Presa, mas não derrotada.
 
 
 
Engano seu: EU NÃO ME RENDO!
 
 
Trata-se de um espetáculo que faz pensar, que provoca uma catarse, se apreciado não meramente como um momento de lazer; aliás, muito se fasta deste propósito.
 
Dignos de todos os elogios são o brilhante trabalho de MARIANA GUIMARÃES NICOLAS, como “performer” e diretora, e sua coragem de se despir, denotativa e conotativamente falando, diante de um público, e defender, com unhas e dentes, a sua condição de fêmea e, mais no fundo, de ser humano.  MARIANA se revela boa atriz e de um fantástico domínio de seu corpo.  Fala pela boca, pela máscara facial e pela excelente expressão corporal.  Como não a conhecia ainda, foi uma bela surpresa para mim.
 
A “performance” se dá sob a supervisão cênica de ANTÔNIO GUEDES; direção de movimento de LUÍSA PITTA; direção musical de PEDRO PORTELLA; iluminação do grande AURÉLIO DE SIMONI; figurinos de PÂMELA CÔTO; cenografia de MARIANA GUIMARÃES NICOLAS e RÔMULO BANDEIRA; programação visual de DUPLA FENDA DESIGN, por RÔMULO BANDEIRA; visagismo de ARY LAGE; fotos de FRED PICANÇO e LUÍSA PITTA; direção de produção de MARIANA GUIMARÃES NICOLAS e PÂMELA CÔTO; confecção e customização de figurinos de RUTH GUIMARÃES ATELIER; os técnicos de luz são BRUNO ARAGÃO e FELIPE ANTELLO; produção de L7 EMPREENDIMENTOS CULTURAIS; co-produção de URBANA PRODUÇÕES; realização de GRUPO L7 DE TEATRO.
 
 
 
Eu é que te acuso!!!
 
 
            Destacam-se, na ficha técnica, o que, lá, é chamado de “live painting”: NANDO PONTES e RÔMULO BANDEIRA.  Os dois, durante toda a duração do espetáculo, vão fazendo intervenções no cenário, pintando novas imagens sobre as já lá existentes.  Assim, a cada dia, o público se depara com um “cenário novo”.  Muito interessante a ideia e muito bem executada pela dupla de artistas plásticos.
 
 
 
Cenário (em processo).
 
 
Esperando... (não Godot; o público)
 
 
            Sugiro que confiram esta ótima proposta, diferente e ousada, até o dia 7 de setembro.
 
 
SERVIÇO:
 
Temporada de 16 de agosto a 07 de setembro de 2014.

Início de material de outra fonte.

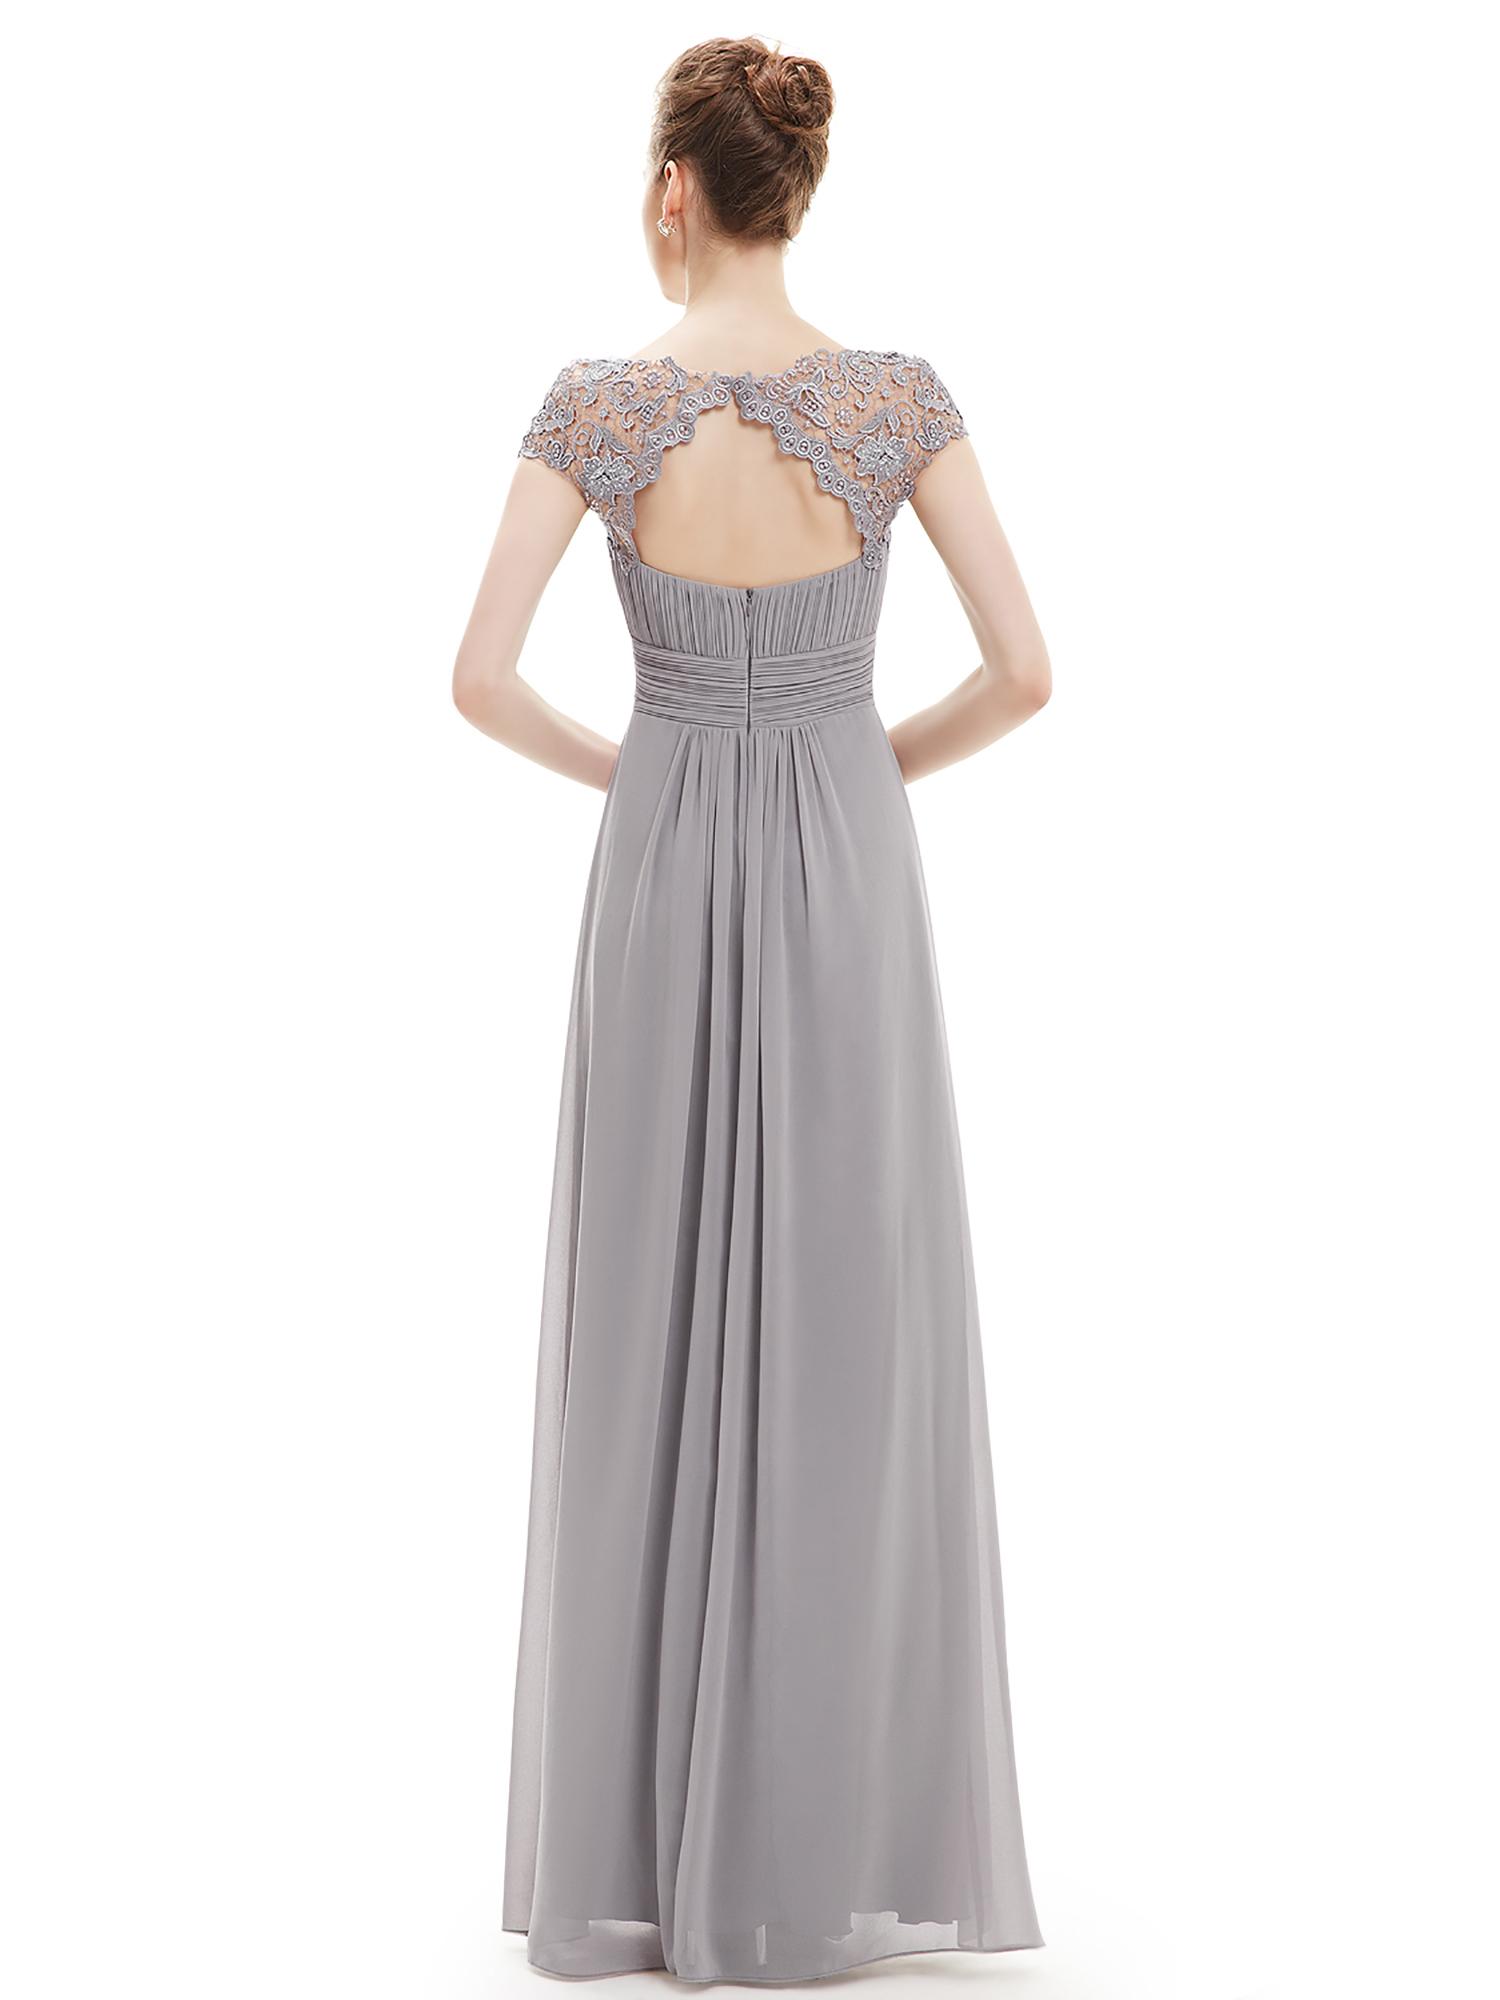 Uk new long maxi bridesmaid dresses evening dress lace bead prom uk new long maxi bridesmaid dresses evening dress ombrellifo Choice Image
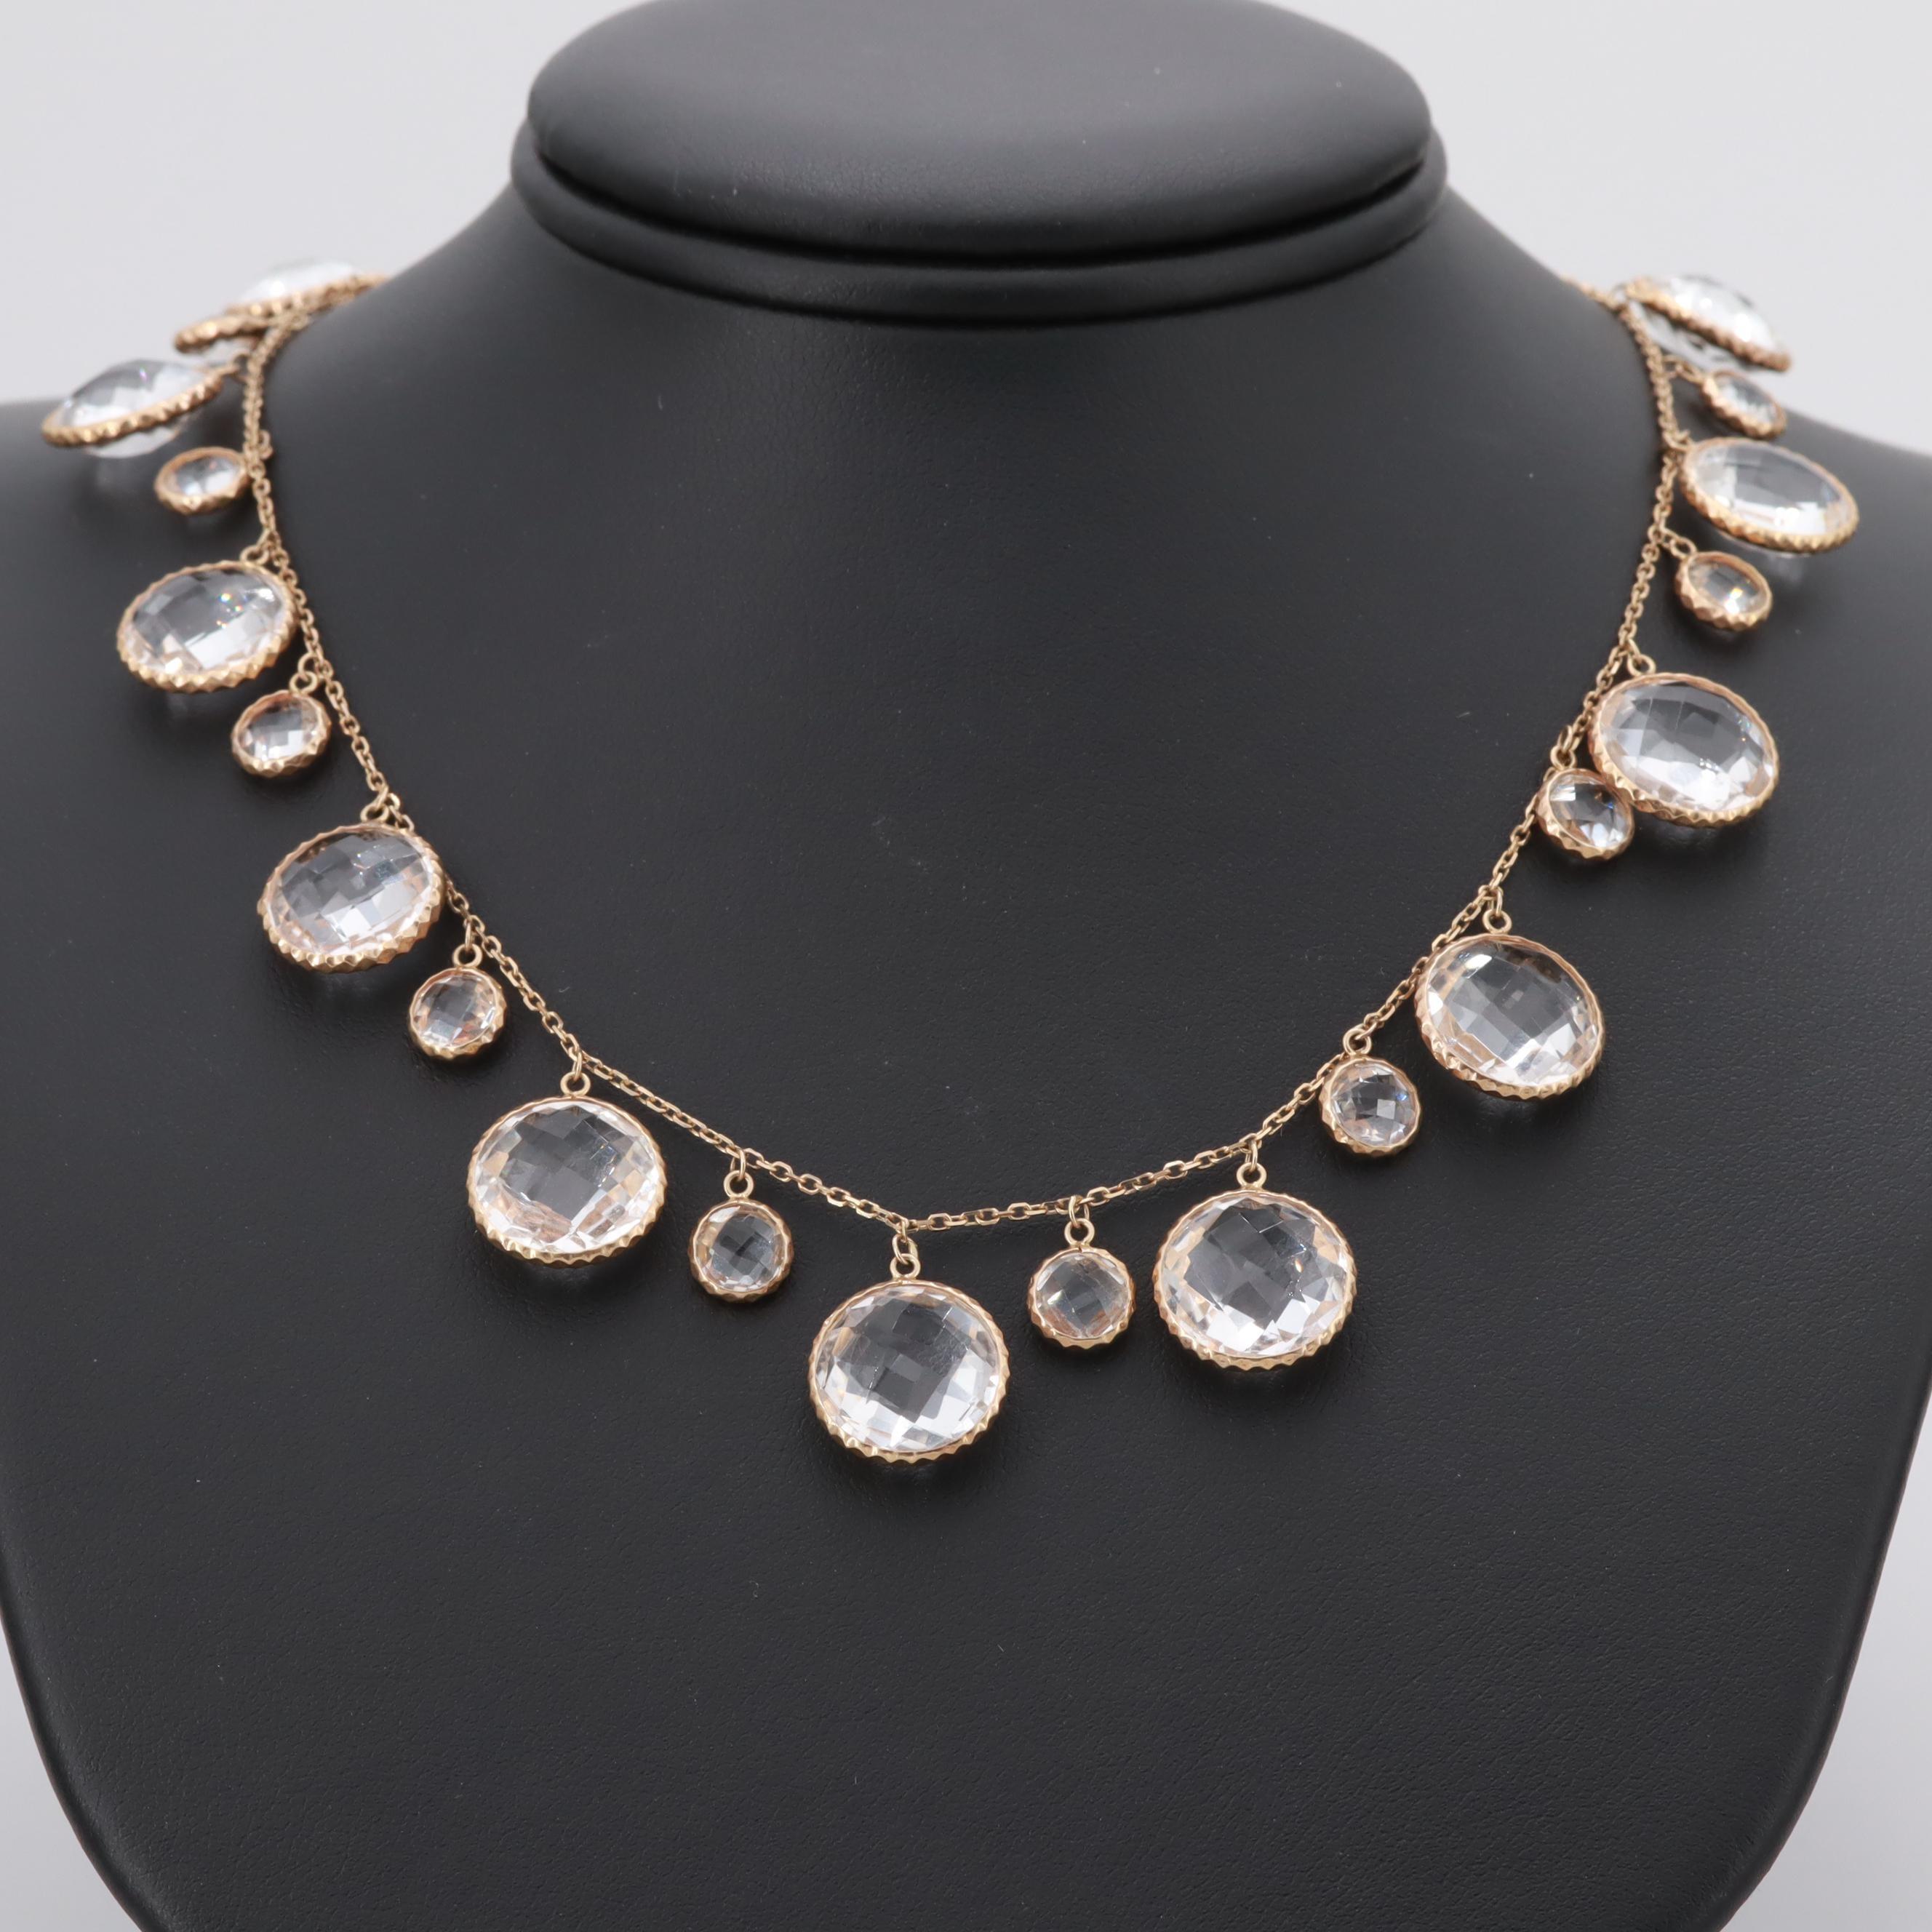 14K Yellow Gold Quartz Crystal Station Necklace

Sempre aos sábados e domingos.
Às 17h30min.
Na Sala de Exposições do Parque das Ruínas.
Rua Murtinho Nobre, 169 Santa Tereza /// (21) 2215-0621 e (21) 2224-3922
Duração do espetáculo: 50 minutos
Indicação: 18 anos
Ingresso: R$ 30,00 (inteira)
 
 
 
 
(FOTOS DE FRED PICANÇO E LUÍSA PITTA)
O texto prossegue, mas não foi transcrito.